**Source information**
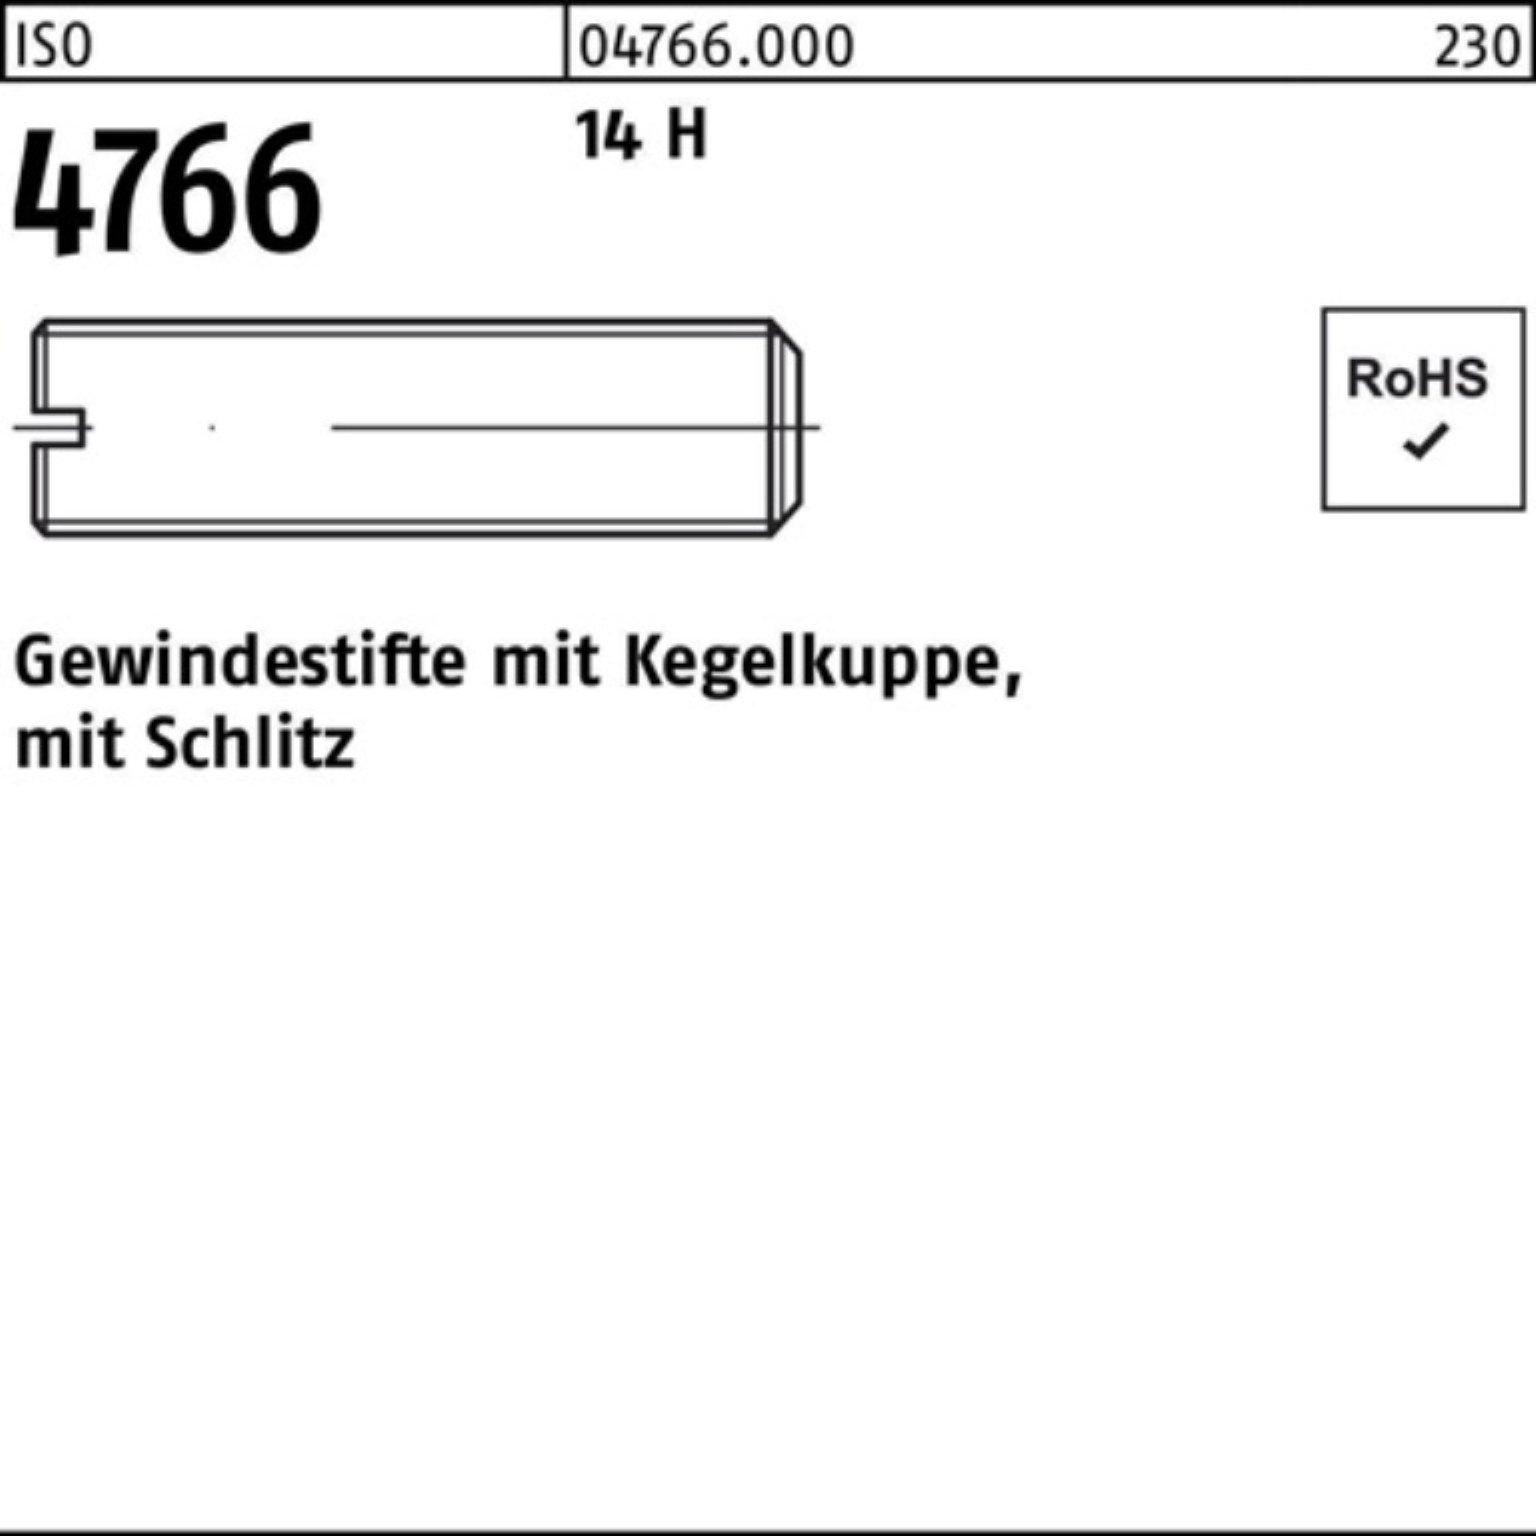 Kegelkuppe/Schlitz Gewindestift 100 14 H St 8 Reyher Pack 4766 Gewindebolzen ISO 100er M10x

* * *

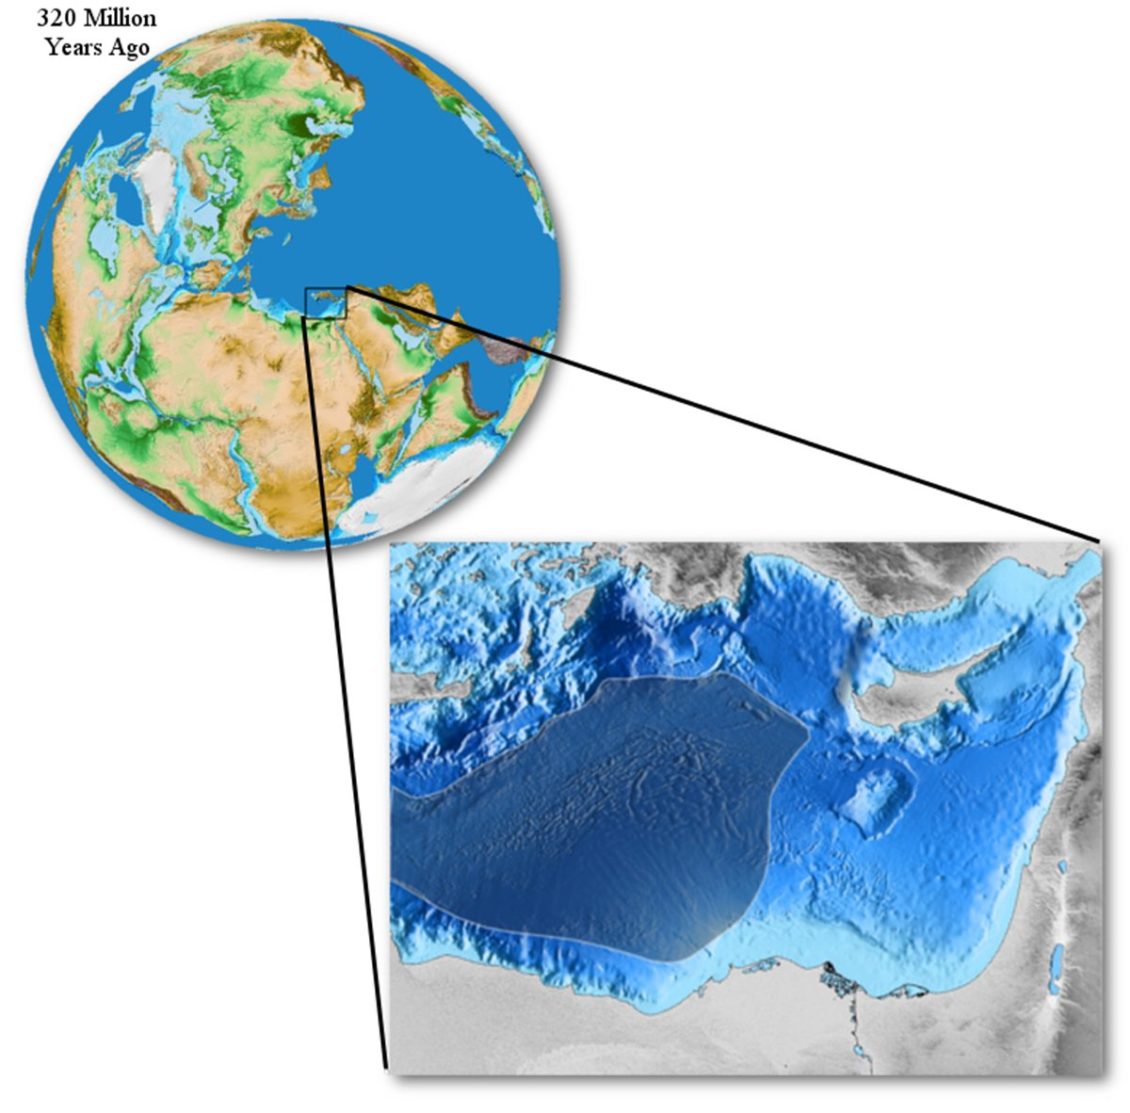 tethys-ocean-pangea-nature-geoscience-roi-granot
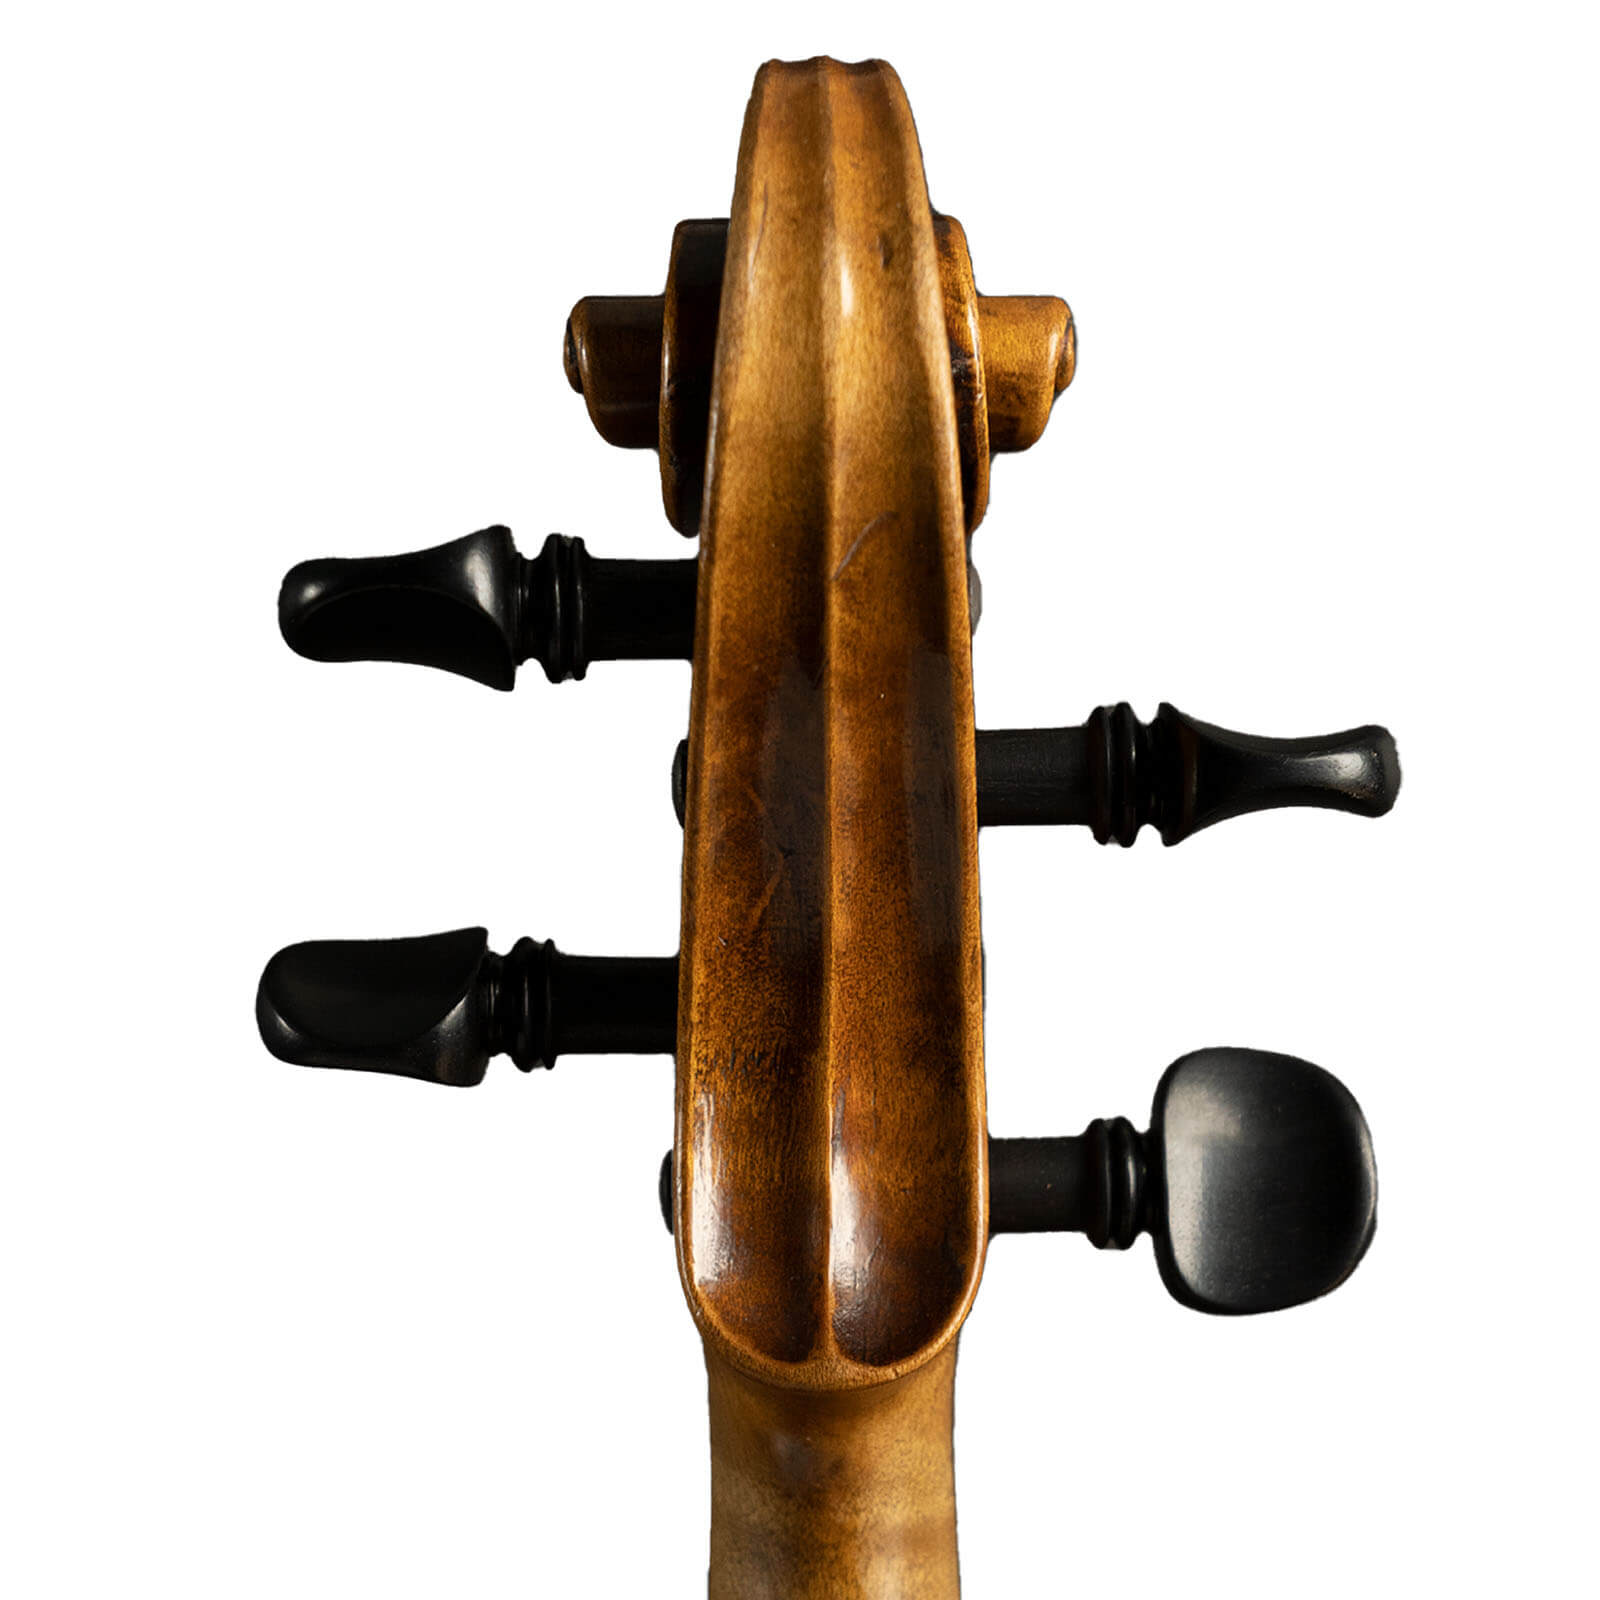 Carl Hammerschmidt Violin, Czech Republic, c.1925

**Task brief**
Range to print from the listing above: from the line with "tethys-ocean-pangea-nature-geoscience-roi-granot" up to and including the line with "Carl Hammerschmidt Violin, Czech". Please print those lines exactly, with no pictures and nothing more.

**Response for this exercise**
 tethys-ocean-pangea-nature-geoscience-roi-granot
 Carl Hammerschmidt Violin, Czech Republic, c.1925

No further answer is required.